=== Provided information ===

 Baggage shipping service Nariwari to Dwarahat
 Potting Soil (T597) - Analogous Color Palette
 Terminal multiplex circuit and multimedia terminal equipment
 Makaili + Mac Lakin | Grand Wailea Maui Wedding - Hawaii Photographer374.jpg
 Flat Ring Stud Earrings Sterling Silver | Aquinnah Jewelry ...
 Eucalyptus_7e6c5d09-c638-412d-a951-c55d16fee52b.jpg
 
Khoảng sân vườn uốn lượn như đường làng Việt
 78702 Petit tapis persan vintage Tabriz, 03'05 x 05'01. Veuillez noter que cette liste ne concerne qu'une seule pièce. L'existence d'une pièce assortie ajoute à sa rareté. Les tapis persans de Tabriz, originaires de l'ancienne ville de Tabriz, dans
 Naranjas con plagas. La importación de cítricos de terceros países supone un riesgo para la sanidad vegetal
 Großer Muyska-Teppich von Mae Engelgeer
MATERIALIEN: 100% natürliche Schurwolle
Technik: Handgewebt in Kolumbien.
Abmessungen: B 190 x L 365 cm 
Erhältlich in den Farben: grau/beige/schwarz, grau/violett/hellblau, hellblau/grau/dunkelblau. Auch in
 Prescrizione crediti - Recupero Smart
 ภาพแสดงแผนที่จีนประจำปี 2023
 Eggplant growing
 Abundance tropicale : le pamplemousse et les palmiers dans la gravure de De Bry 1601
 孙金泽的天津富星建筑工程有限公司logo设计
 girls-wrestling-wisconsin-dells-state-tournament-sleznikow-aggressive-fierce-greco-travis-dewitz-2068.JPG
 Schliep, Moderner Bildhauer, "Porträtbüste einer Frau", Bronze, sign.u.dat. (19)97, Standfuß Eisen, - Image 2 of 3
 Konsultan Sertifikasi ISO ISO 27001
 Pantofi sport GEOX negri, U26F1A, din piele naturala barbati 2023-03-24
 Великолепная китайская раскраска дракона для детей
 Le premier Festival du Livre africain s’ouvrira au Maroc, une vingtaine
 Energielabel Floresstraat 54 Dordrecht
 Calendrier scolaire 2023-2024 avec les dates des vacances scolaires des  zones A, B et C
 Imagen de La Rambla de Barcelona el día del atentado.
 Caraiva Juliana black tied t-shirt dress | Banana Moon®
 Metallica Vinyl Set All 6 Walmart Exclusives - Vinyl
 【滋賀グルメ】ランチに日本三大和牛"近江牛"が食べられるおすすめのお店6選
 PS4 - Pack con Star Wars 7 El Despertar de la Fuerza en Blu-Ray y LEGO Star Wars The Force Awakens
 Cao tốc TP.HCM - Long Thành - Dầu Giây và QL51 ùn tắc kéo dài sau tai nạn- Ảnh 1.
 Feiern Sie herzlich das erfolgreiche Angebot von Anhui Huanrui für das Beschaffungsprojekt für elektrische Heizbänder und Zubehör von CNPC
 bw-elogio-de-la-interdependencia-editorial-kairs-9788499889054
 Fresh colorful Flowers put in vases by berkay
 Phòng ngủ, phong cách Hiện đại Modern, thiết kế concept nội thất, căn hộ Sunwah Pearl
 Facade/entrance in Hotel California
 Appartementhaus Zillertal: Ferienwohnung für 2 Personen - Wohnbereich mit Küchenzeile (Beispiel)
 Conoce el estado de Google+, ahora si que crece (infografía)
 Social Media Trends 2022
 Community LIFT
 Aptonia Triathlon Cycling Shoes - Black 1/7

===

Using the entries above, repeat only the lines from the one containing "Naranjas con plagas." through the one containing "Abmessungen: B 190 x L 365 cm", end lines included.

 Naranjas con plagas. La importación de cítricos de terceros países supone un riesgo para la sanidad vegetal
 Großer Muyska-Teppich von Mae Engelgeer
MATERIALIEN: 100% natürliche Schurwolle
Technik: Handgewebt in Kolumbien.
Abmessungen: B 190 x L 365 cm 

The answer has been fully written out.